_Task description_.
The entries below are to be reproduced exactly, with their pictures omitted.

Start of Supplied records

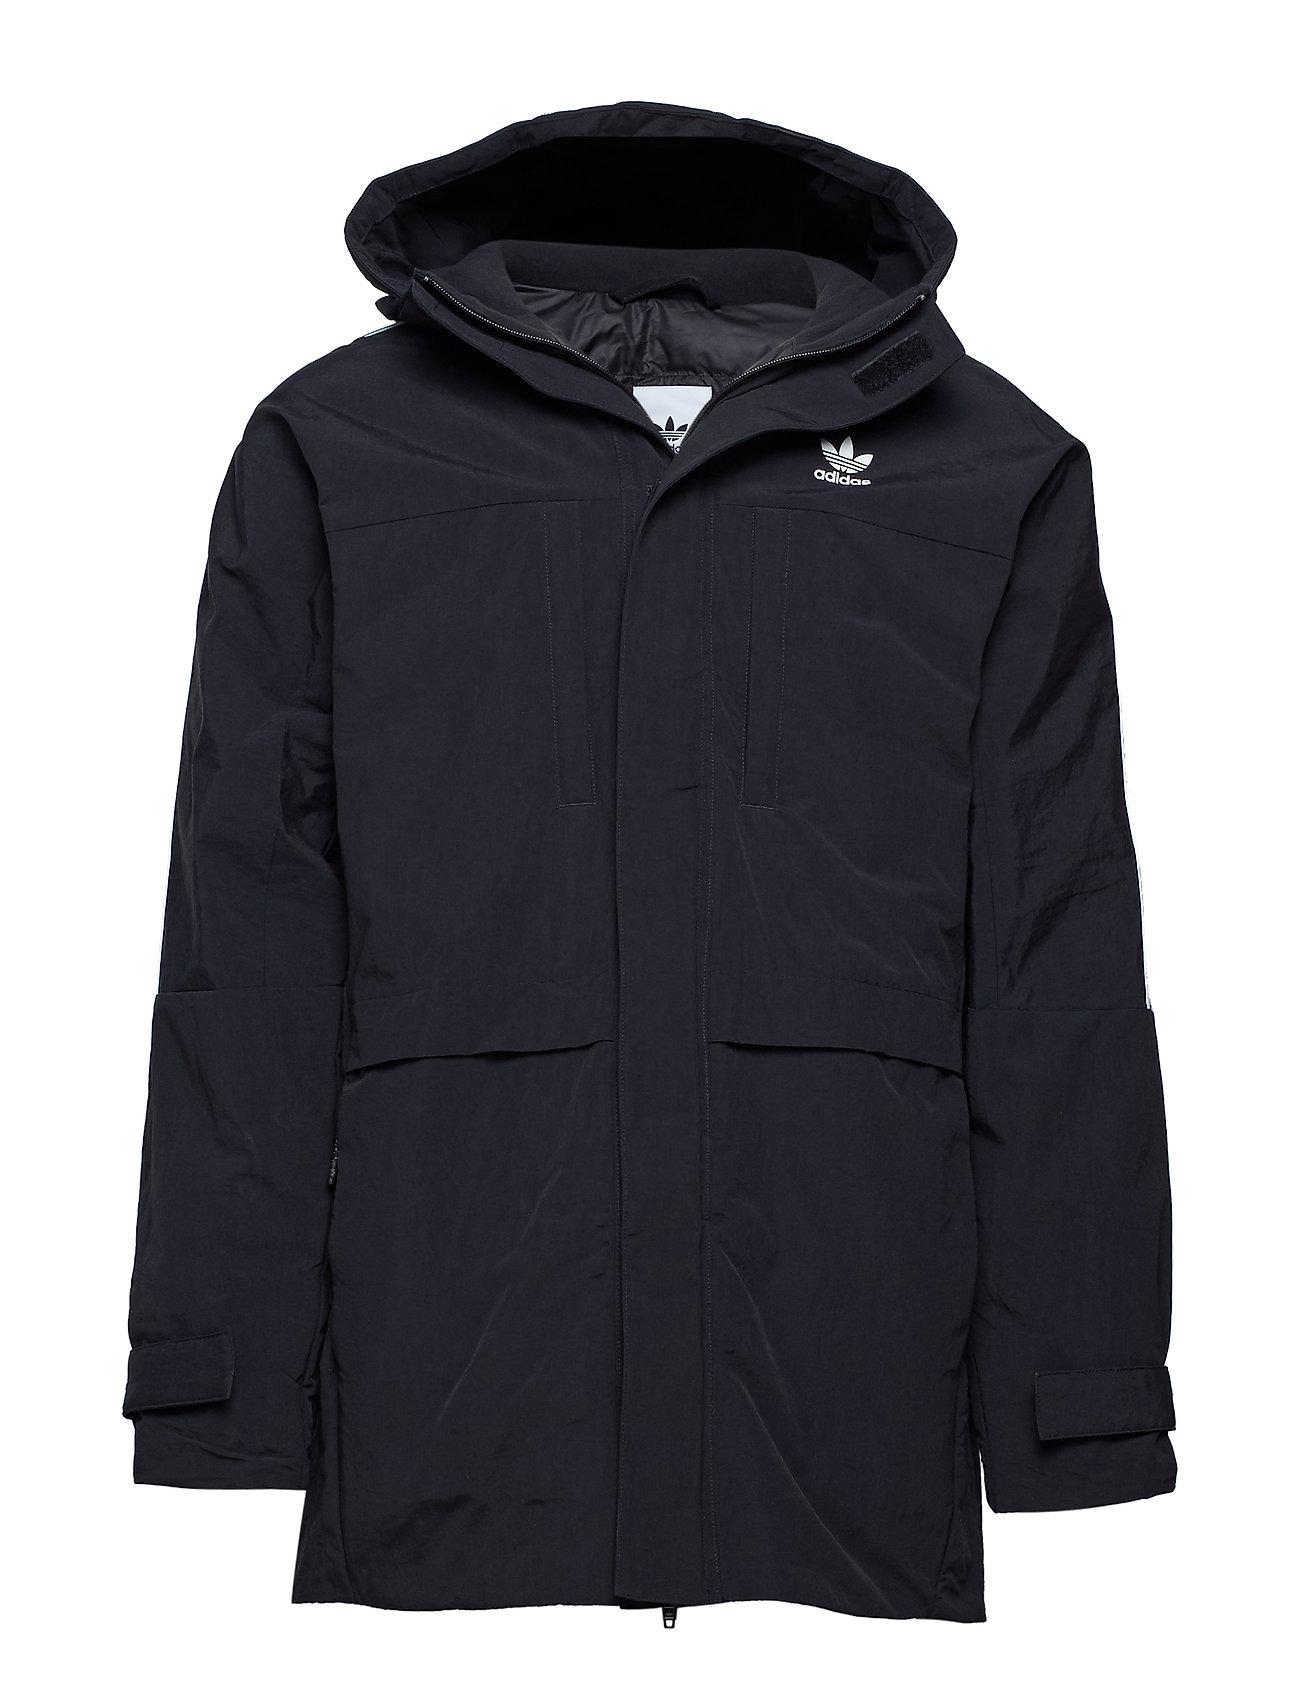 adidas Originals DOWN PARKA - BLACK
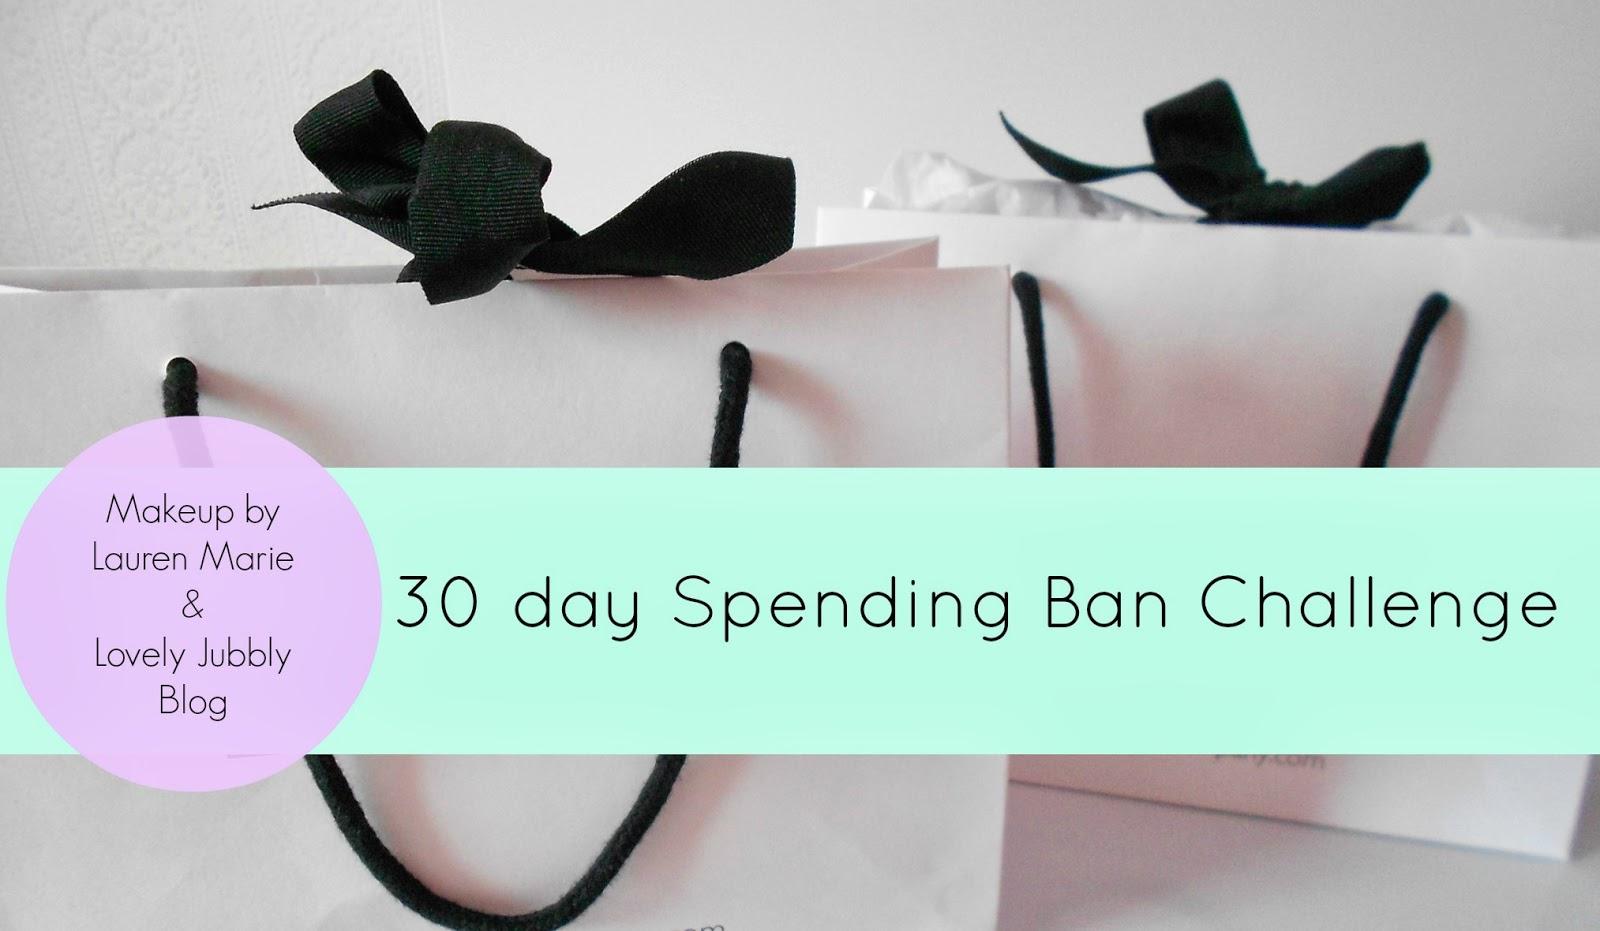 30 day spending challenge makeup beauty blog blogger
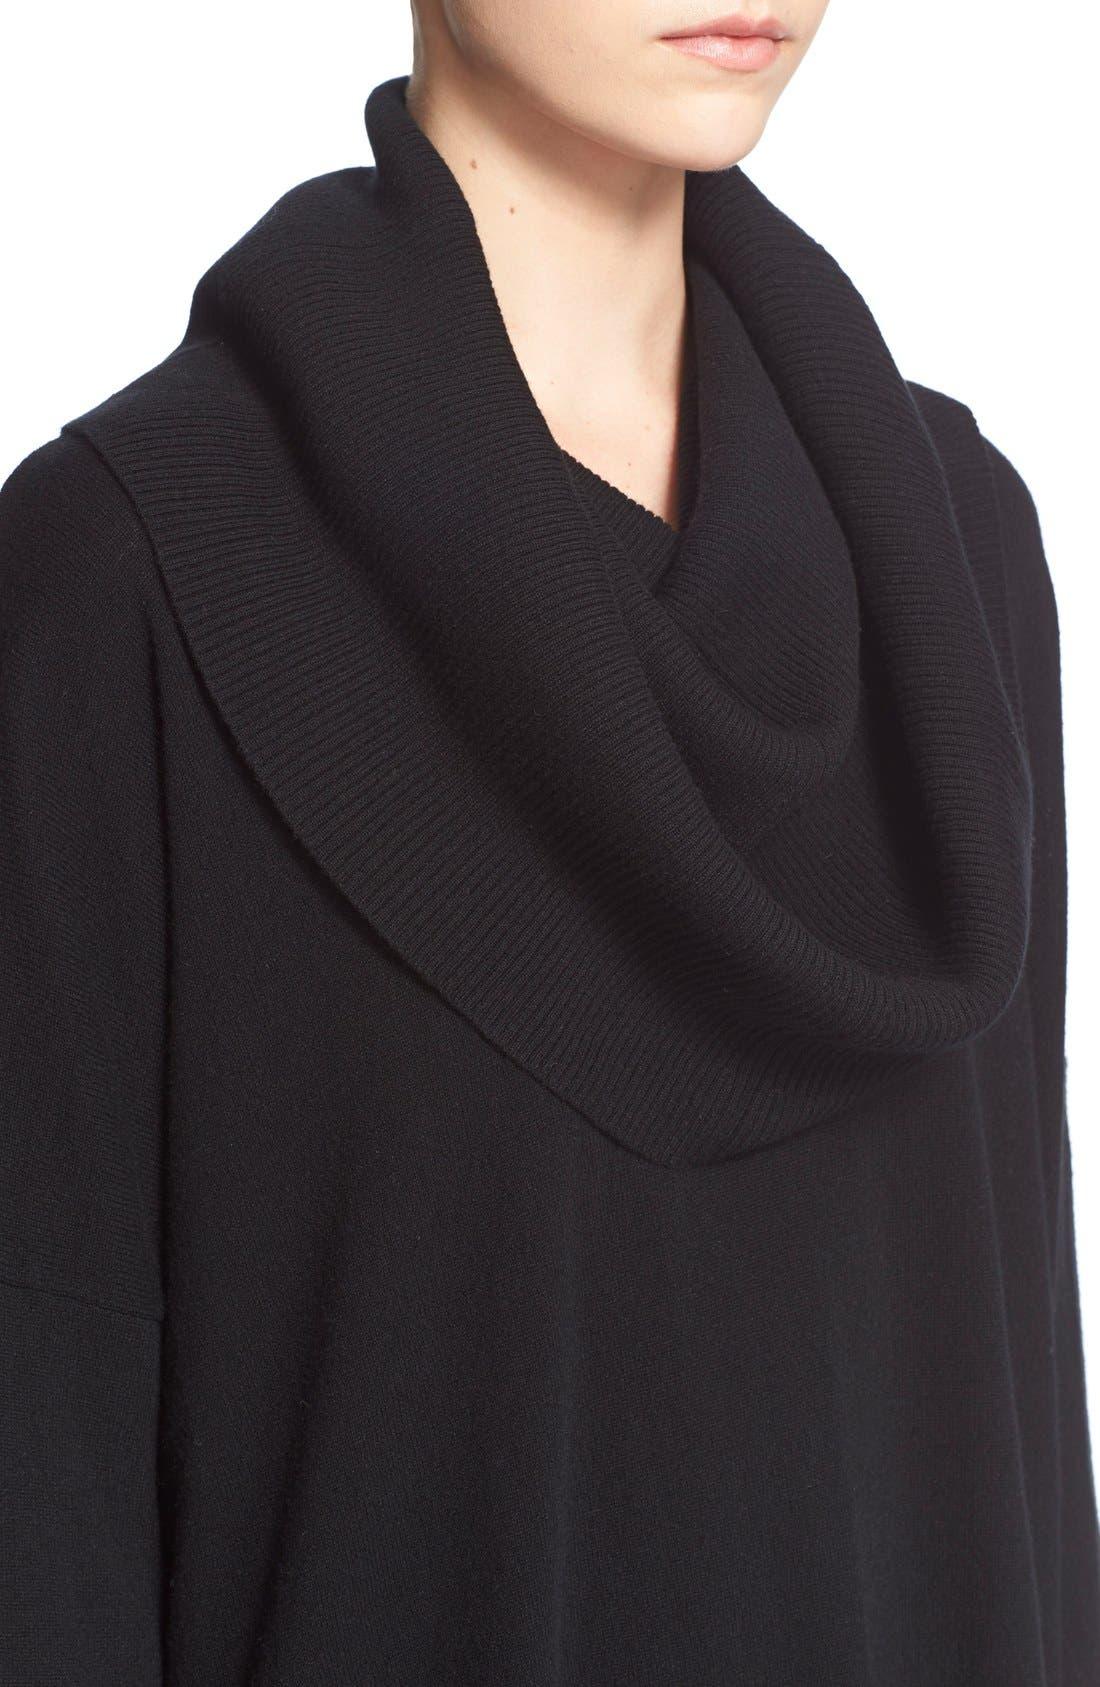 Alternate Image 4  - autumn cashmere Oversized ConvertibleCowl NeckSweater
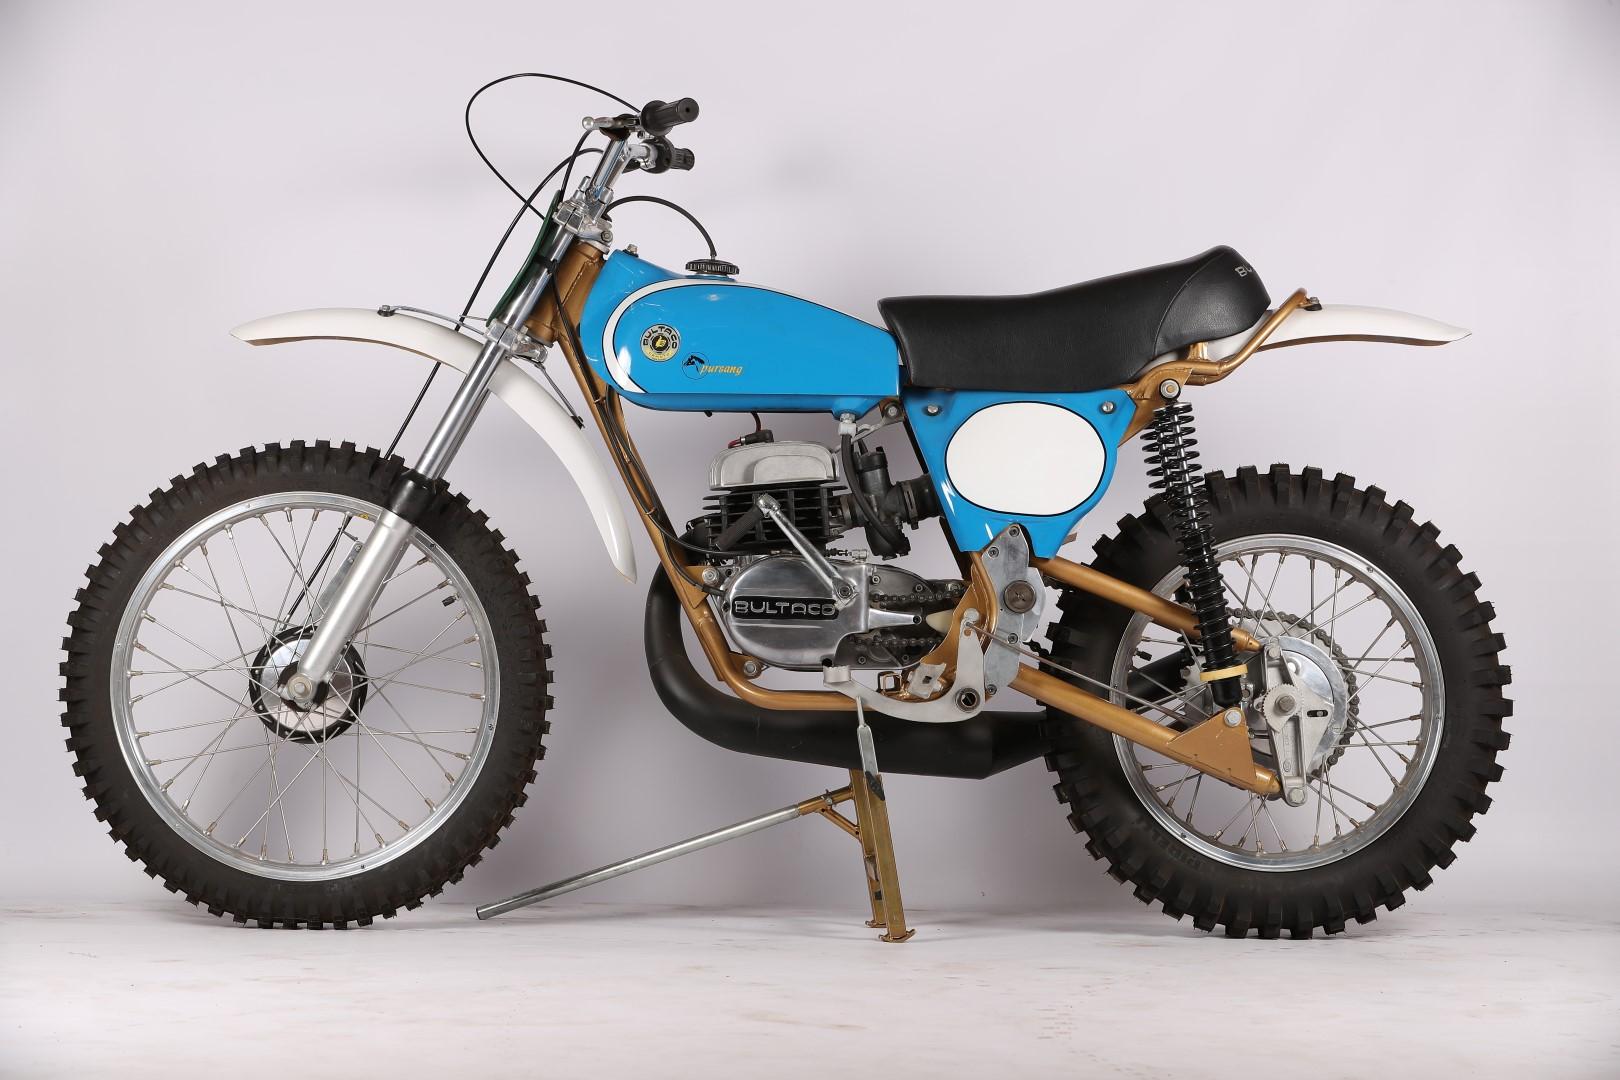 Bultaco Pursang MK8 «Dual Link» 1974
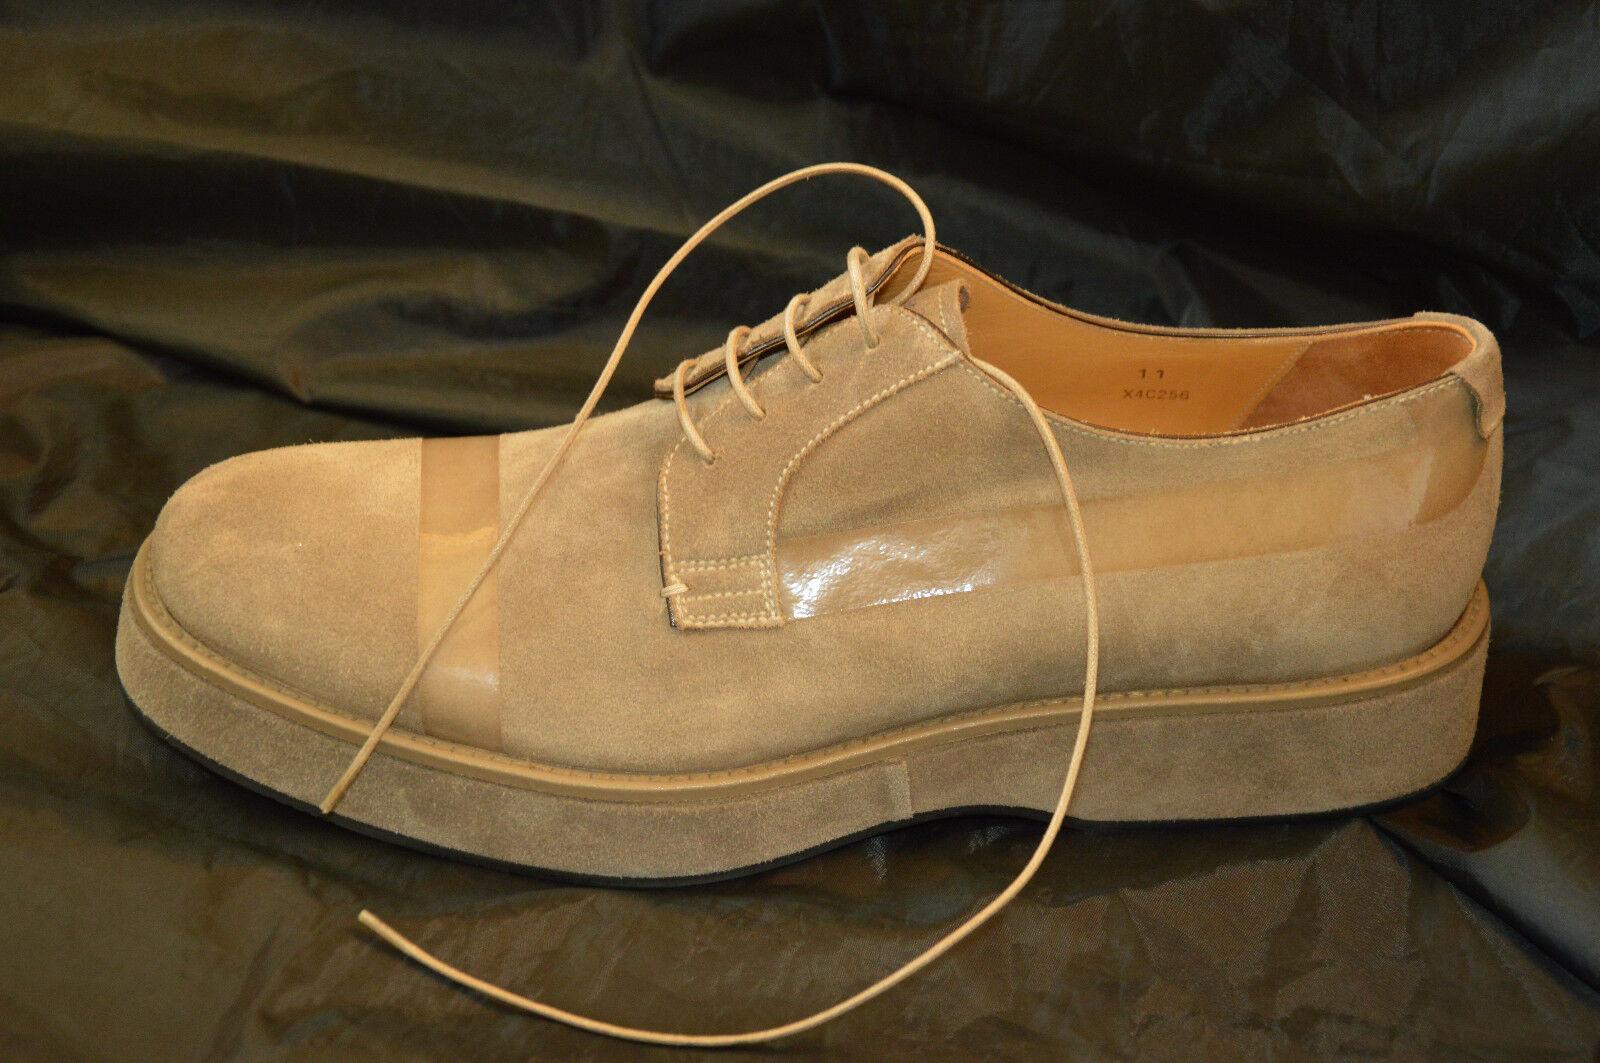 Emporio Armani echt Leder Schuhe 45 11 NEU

End of Supplied records

_Answer to this exercise_.
 adidas Originals DOWN PARKA - BLACK
 30 day spending challenge makeup beauty blog blogger
 Alternate Image 4  - autumn cashmere Oversized ConvertibleCowl NeckSweater
 Bultaco Pursang MK8 «Dual Link» 1974
 Emporio Armani echt Leder Schuhe 45 11 NEU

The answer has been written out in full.